Accordingly he starts his argument by noting opposites for each term in the DIKW hierarchy. These are listed in the table below:

DIKW term Opposite
Data Incorrect data, Falsehood, Missing data,
Information Misinformation, Disinformation, Guesswork,
Knowledge Delusion, Unawareness, Ignorance
Wisdom Folly

This is not an exhaustive list of antonyms –   only a few terms that make sense in the context of an “evil twin” of DIKW are listed. It should also be noted that   I have added some antonyms that Bernstein does not mention.  In the remainder of this post, I will focus on discussing the possible relationships between these terms that are opposites of those that appear in the DIKW model.

The first thing to note is that there is generally more than one antonym for each element of the DIKW hierarchy.

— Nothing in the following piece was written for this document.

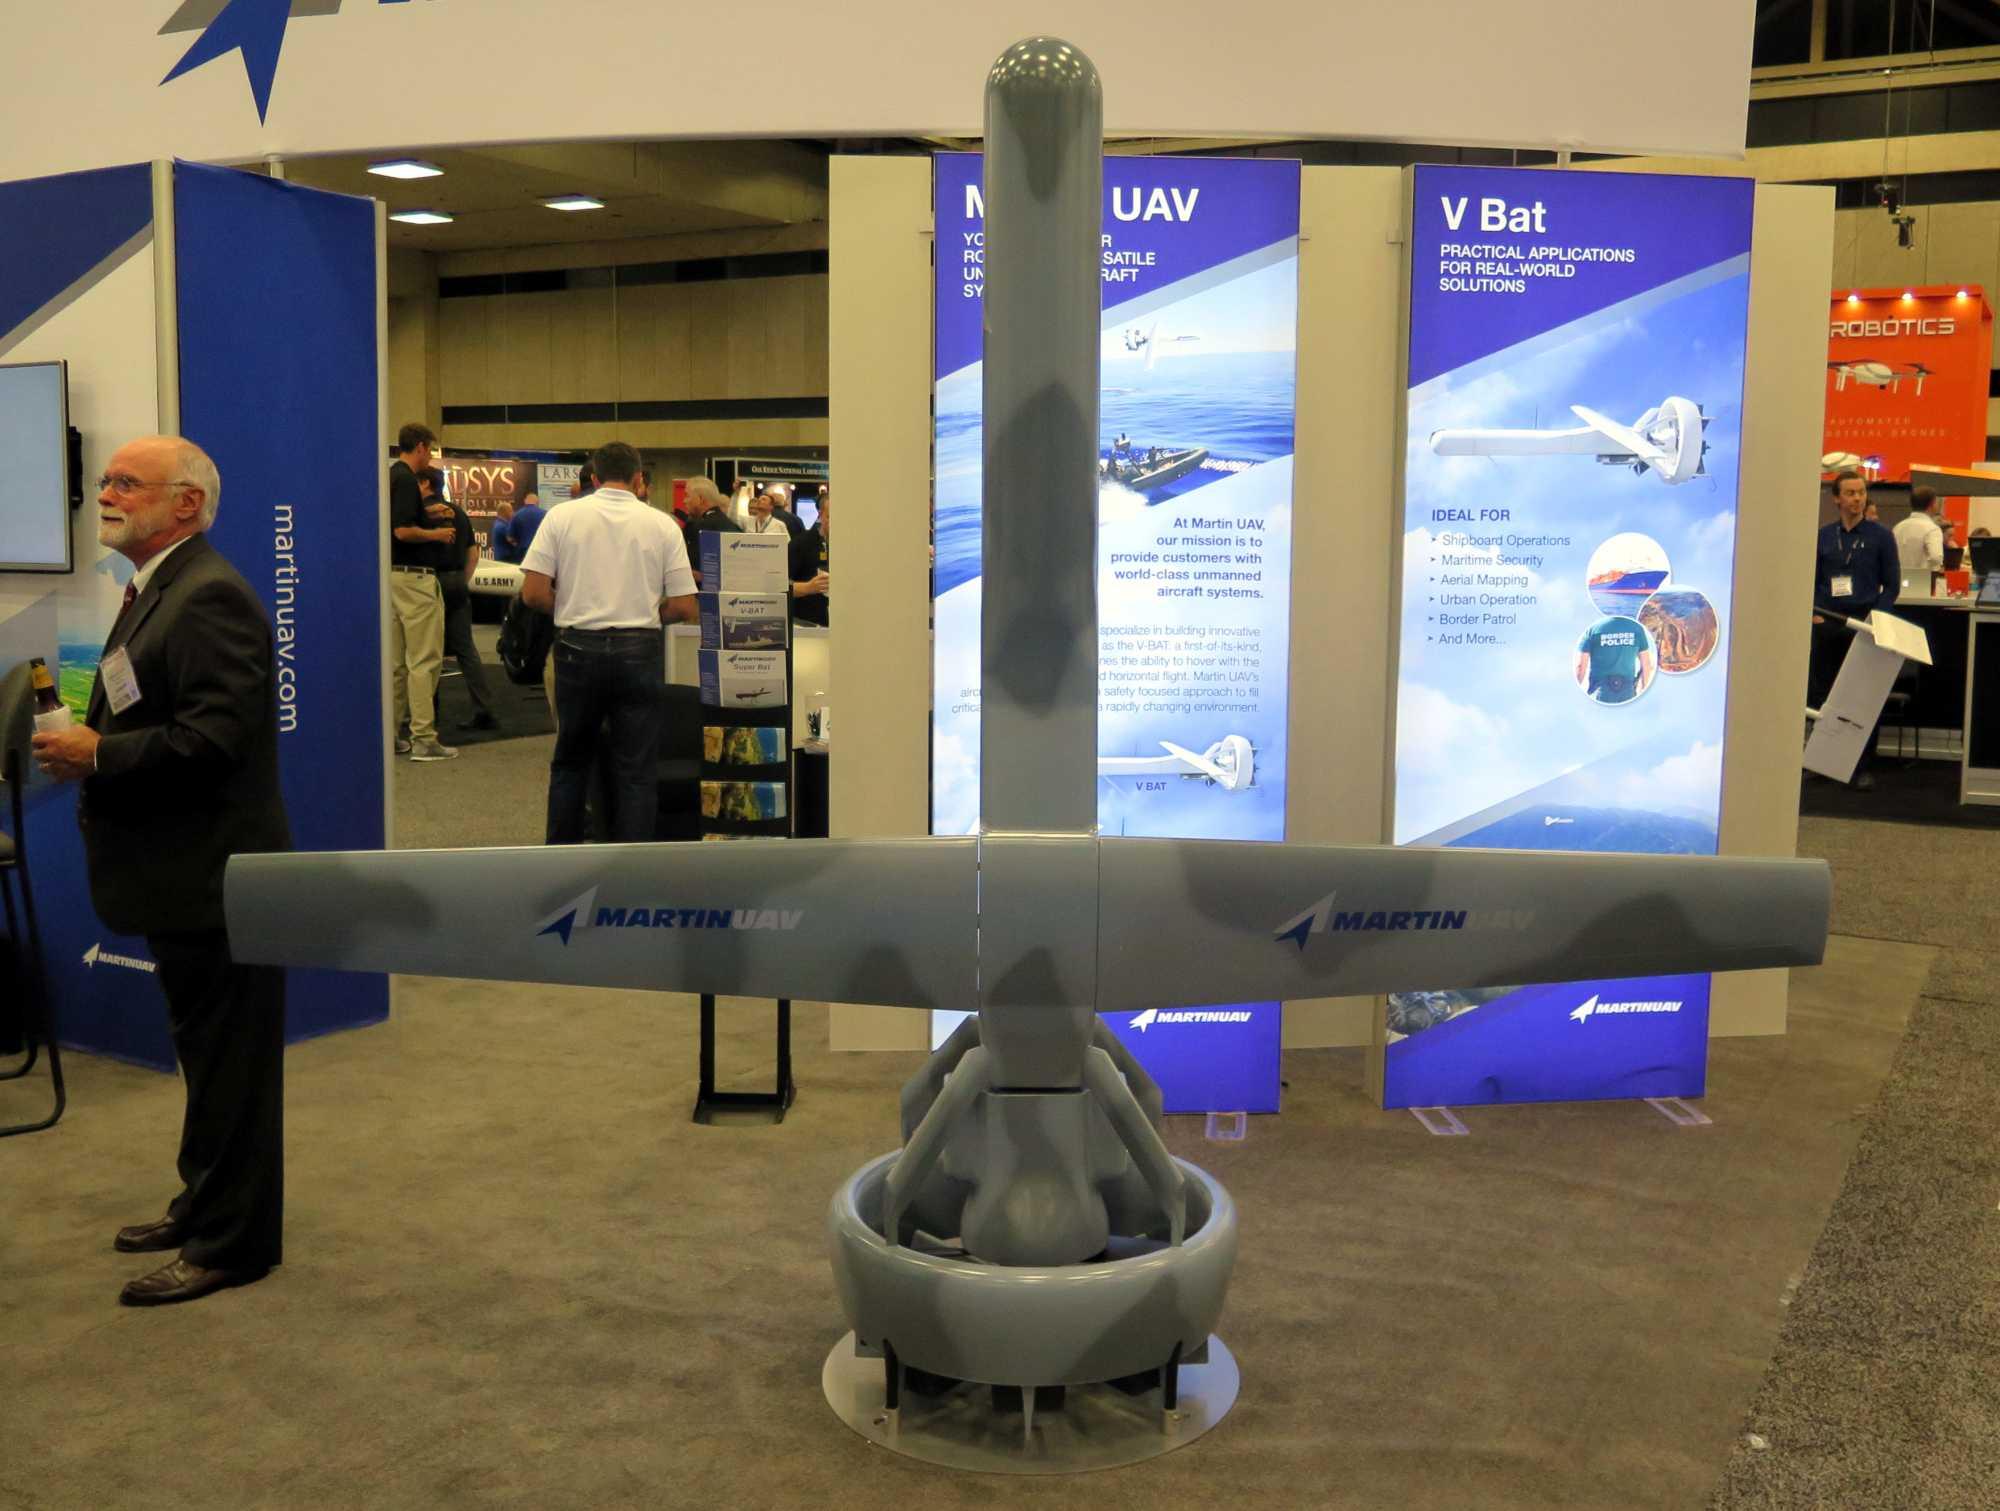 Senkrecht stehende Drohne im Militärgrau

Further, every antonym has a  different meaning from others. For example – the absence of data is different from incorrect data which in turn is different from a deliberate falsehood. This is no surprise – it is simply a manifestation of the principle that there are many more ways to get things wrong than there are to get them right.

An implication of the above is that there can be more than one road to folly depending on how one gets things wrong. Before we discuss these, it is best to nail down the meanings of some of the words listed above (in the sense in which they are used in this article):

Misinformation – information that is incorrect or inaccurate

Disinformation – information that is deliberately manipulated to mislead.

Delusion – false belief.

Unawareness – the state of not being fully cognisant of the facts.

Ignorance – a lack of knowledge.

Folly – foolishness, lack of understanding or sense.

The meanings of the other words in the table are clear enough and need no elaboration.

Meanings clarified, we can now look at the some of the “pyramids of folly” that can be constructed from the opposites listed in the table.

Let’s start with incorrect data. Data that is incorrect will mislead, hence resulting in misinformation. Misinformed people end up with false beliefs – i.e. they are deluded. These beliefs can cause them to make foolish decisions that betray a lack of understanding or sense. This gives us the pyramid of delusion shown in Figure 2.

Figure 2: A pyramid of delusion

Similarly, Figure 3 shows a pyramid of unawareness that arises from falsehoods and Figure 4, a pyramid of ignorance that results from missing data.

Figure 3: A pyramid of unawareness

Figure 4: A pyramid of ignorance

Figures 2 through 4 are distinct pathways to folly. I  reckon many of my readers would have seen examples of these in real life situations. (Tragically, many managers who traverse these pathways are unaware that they are doing so.  This may be a manifestation of the Dunning-Kruger effect.)

There’s more though – one can get things wrong at higher level independent of whether or not the lower levels are done right. For example, one can draw the wrong conclusions from (correct) data. This would result in the pyramid shown in Figure 5.

Figure 5: Yet another pyramid of delusion

Finally, I should mention that it’s even worse: since we are talking about non-knowledge, anything goes. Folly needs no effort whatsoever, it can be achieved without any data, information or knowledge (or their opposites).  Indeed, one can play endlessly with  antonyms and near-antonyms of the DIKW terms (including those not listed here) and come up with a plethora of pyramids, each denoting a possible pathway to folly.